### Problem to solve:
Please go line by line and repeat the data below exactly, with no images.

### Provided material:
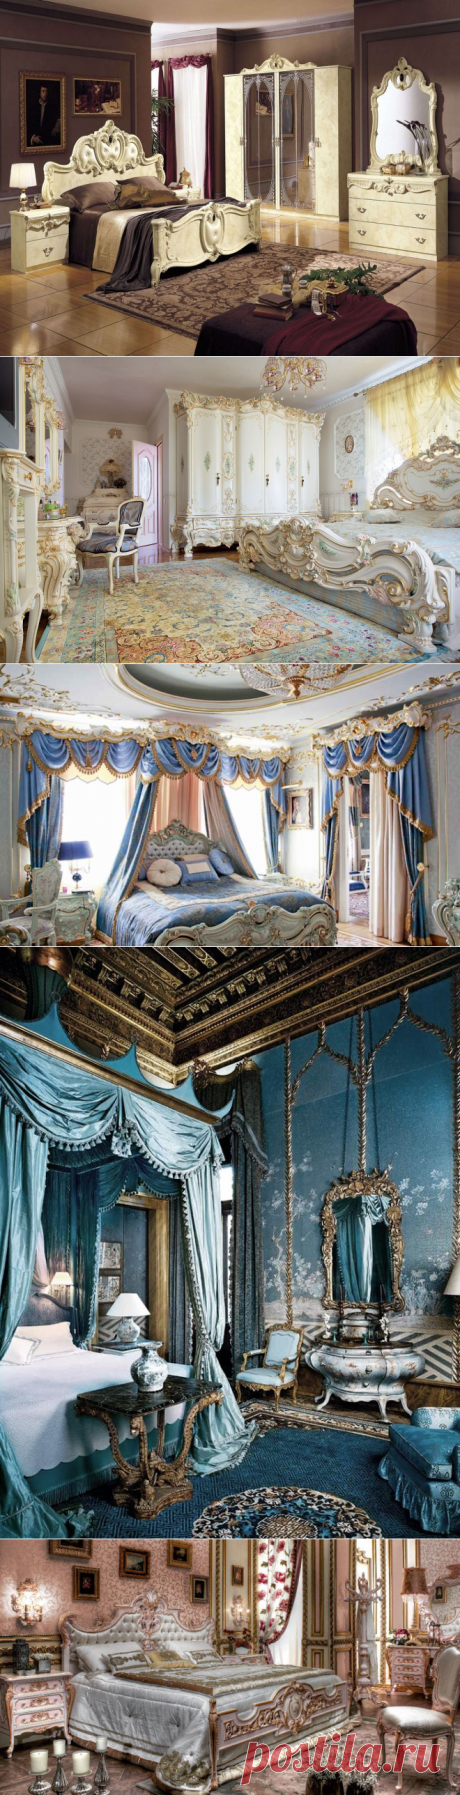 Bedrooms in the Rococo Style | Interior Design Pictures
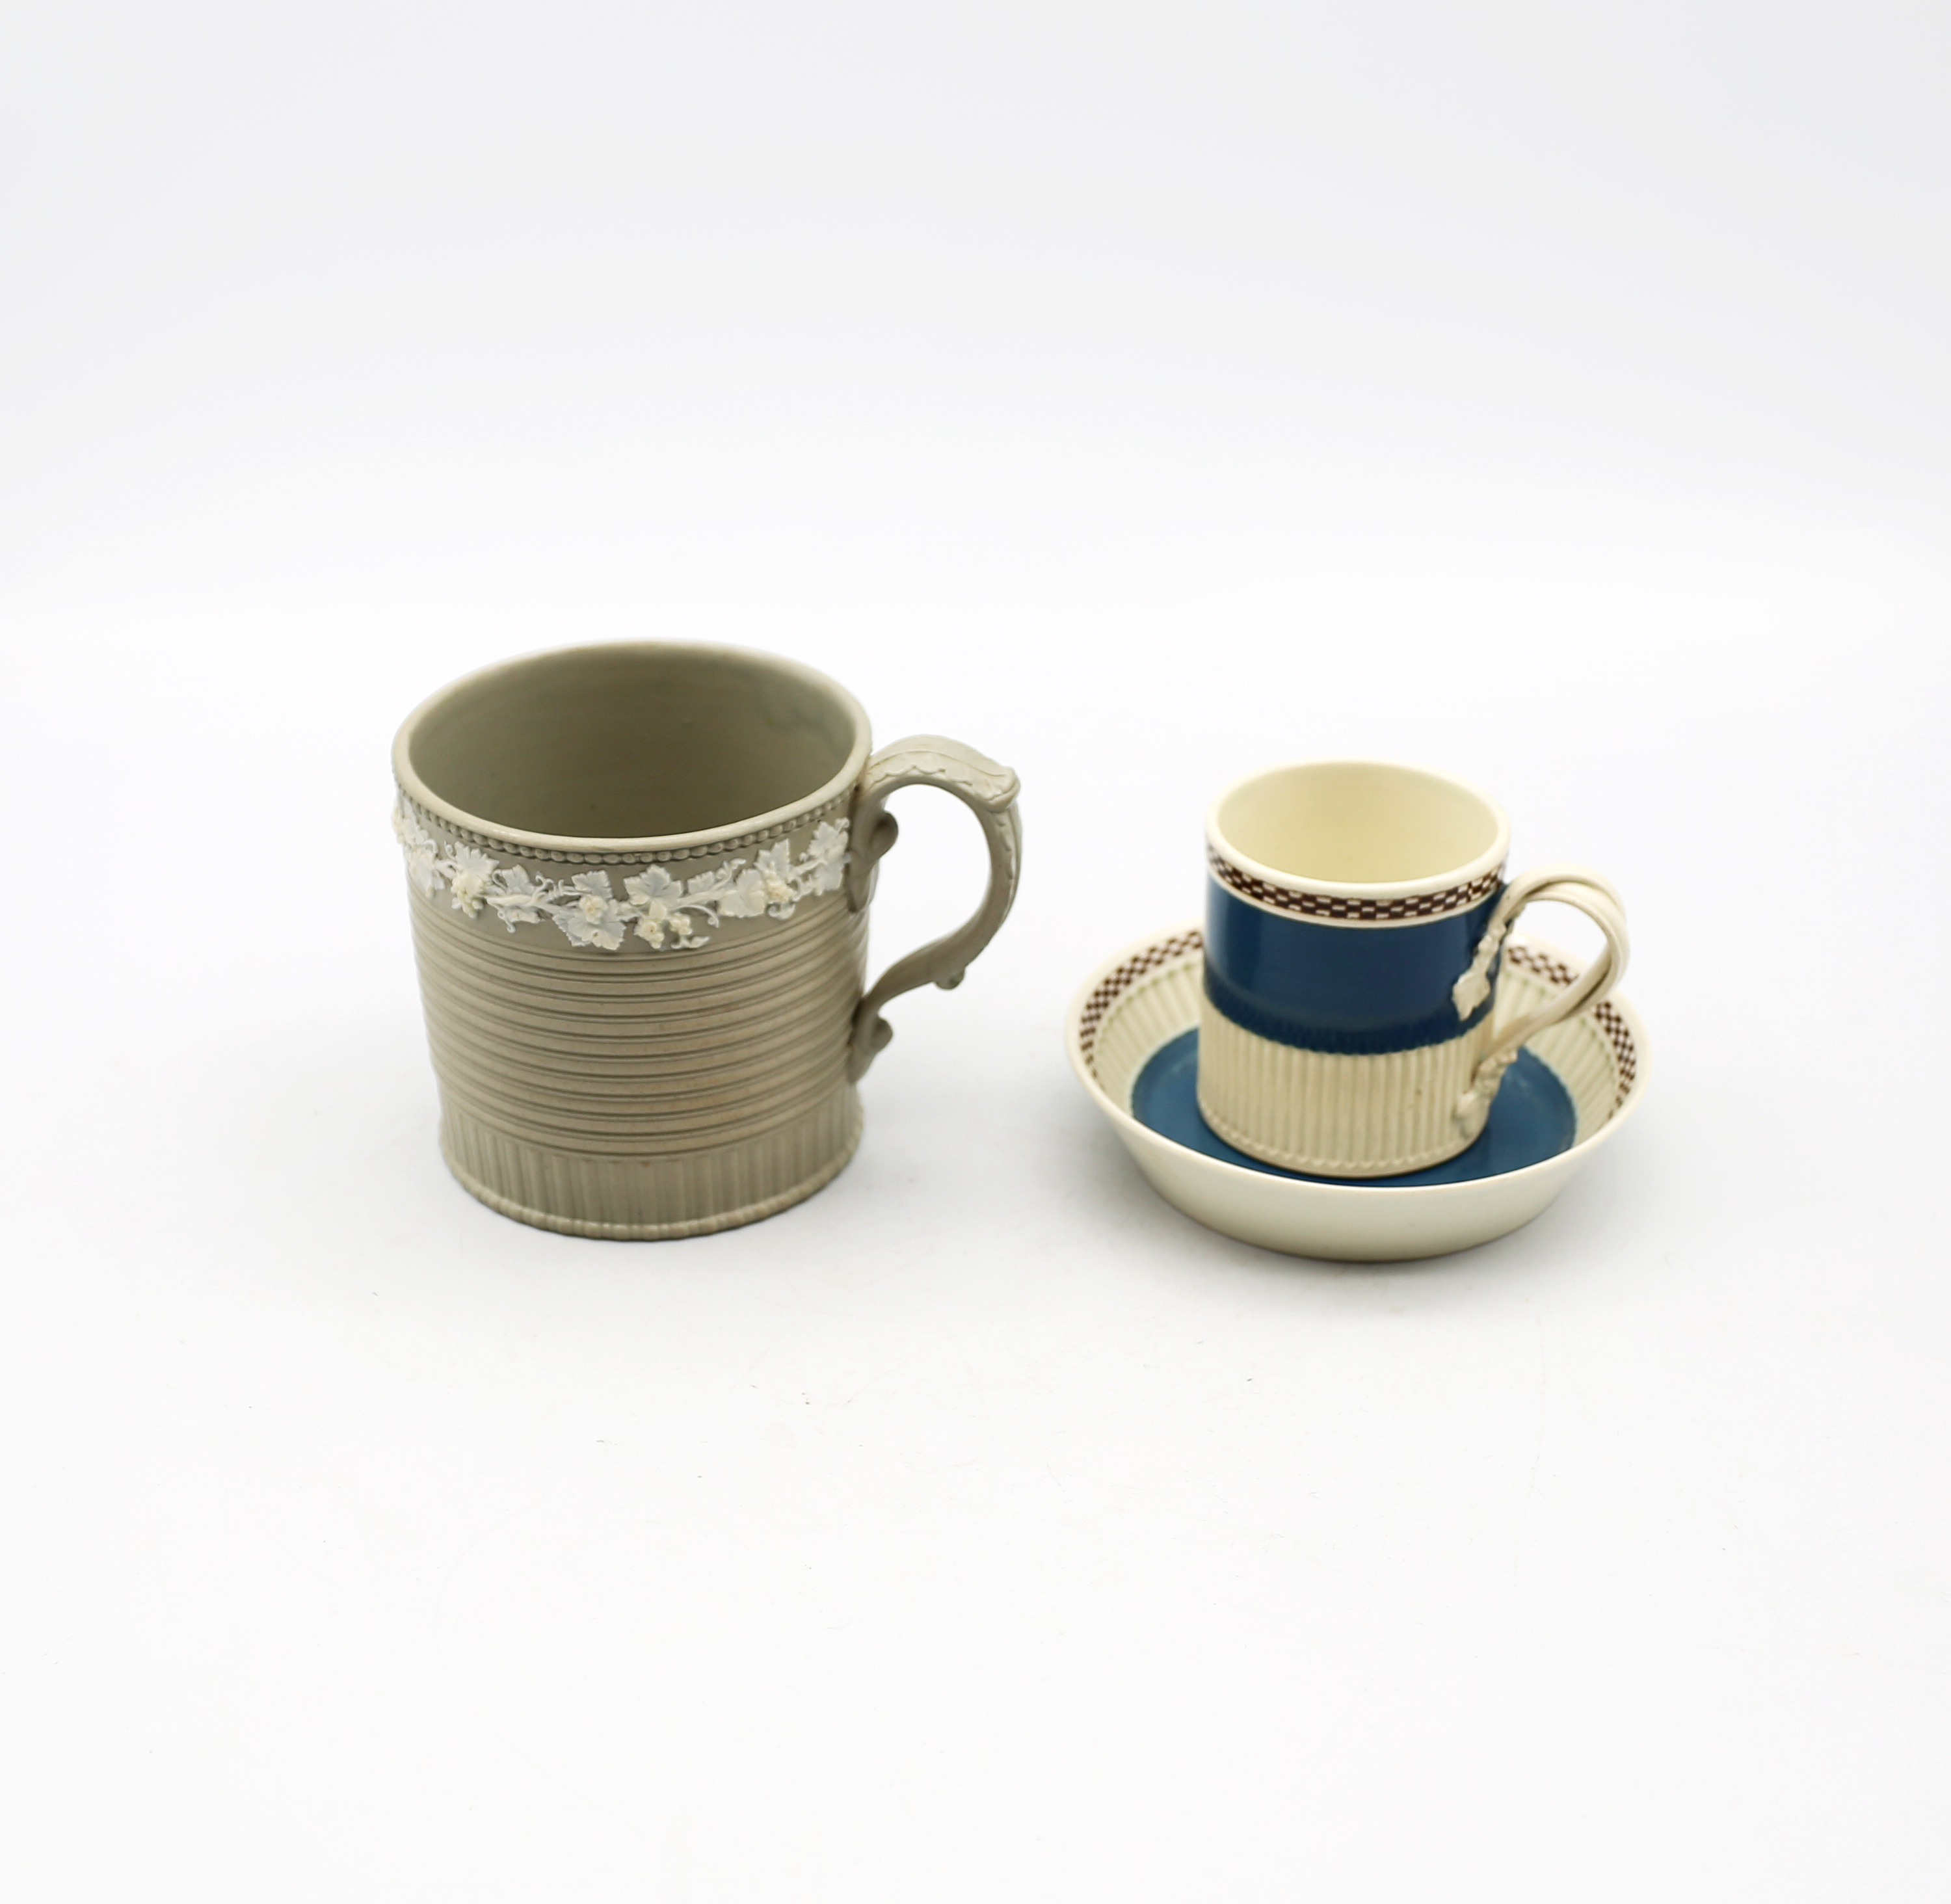 A Drabware sprigged mug, grey ground with grape and vine sprigging, along with a Mocha ware coffee
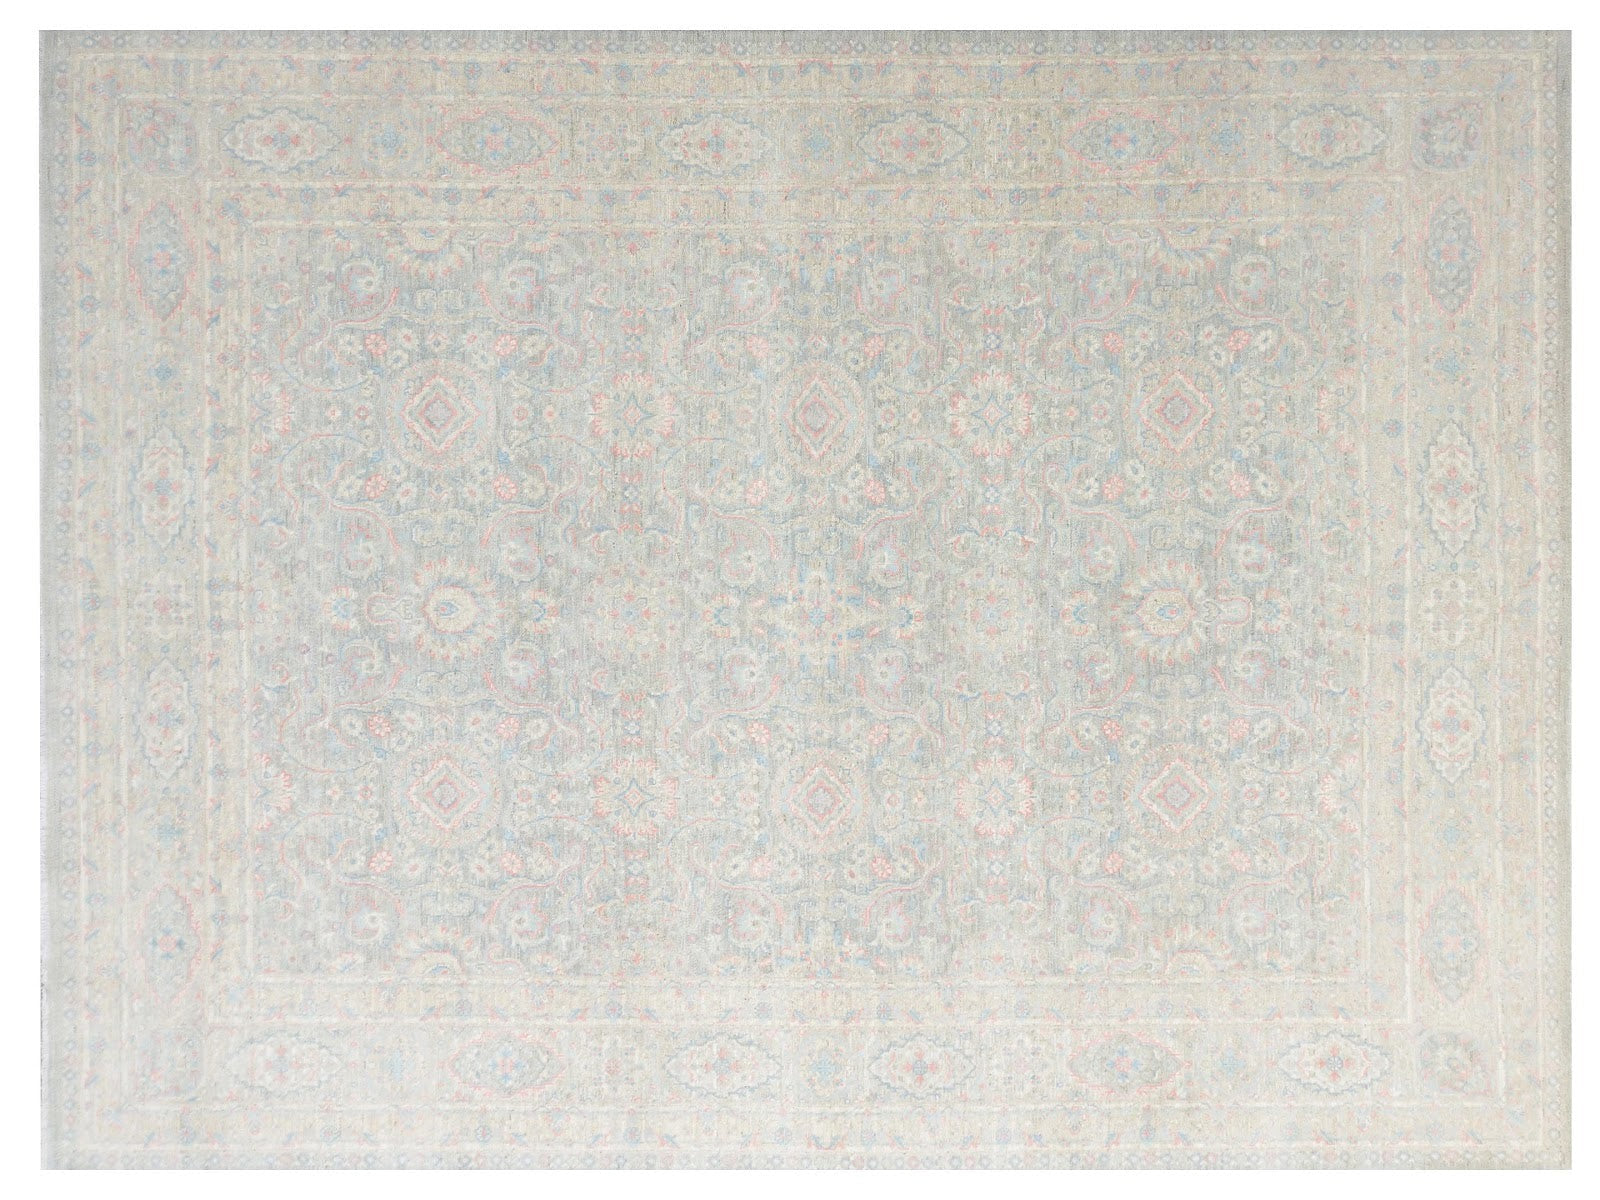 9x12 hand-knotted silk & wool Ziegler rug with transitional design and soft neutral hues

### Exercise output:
 Bedrooms in the Rococo Style | Interior Design Pictures
 A Drabware sprigged mug, grey ground with grape and vine sprigging, along with a Mocha ware coffee
 9x12 hand-knotted silk & wool Ziegler rug with transitional design and soft neutral hues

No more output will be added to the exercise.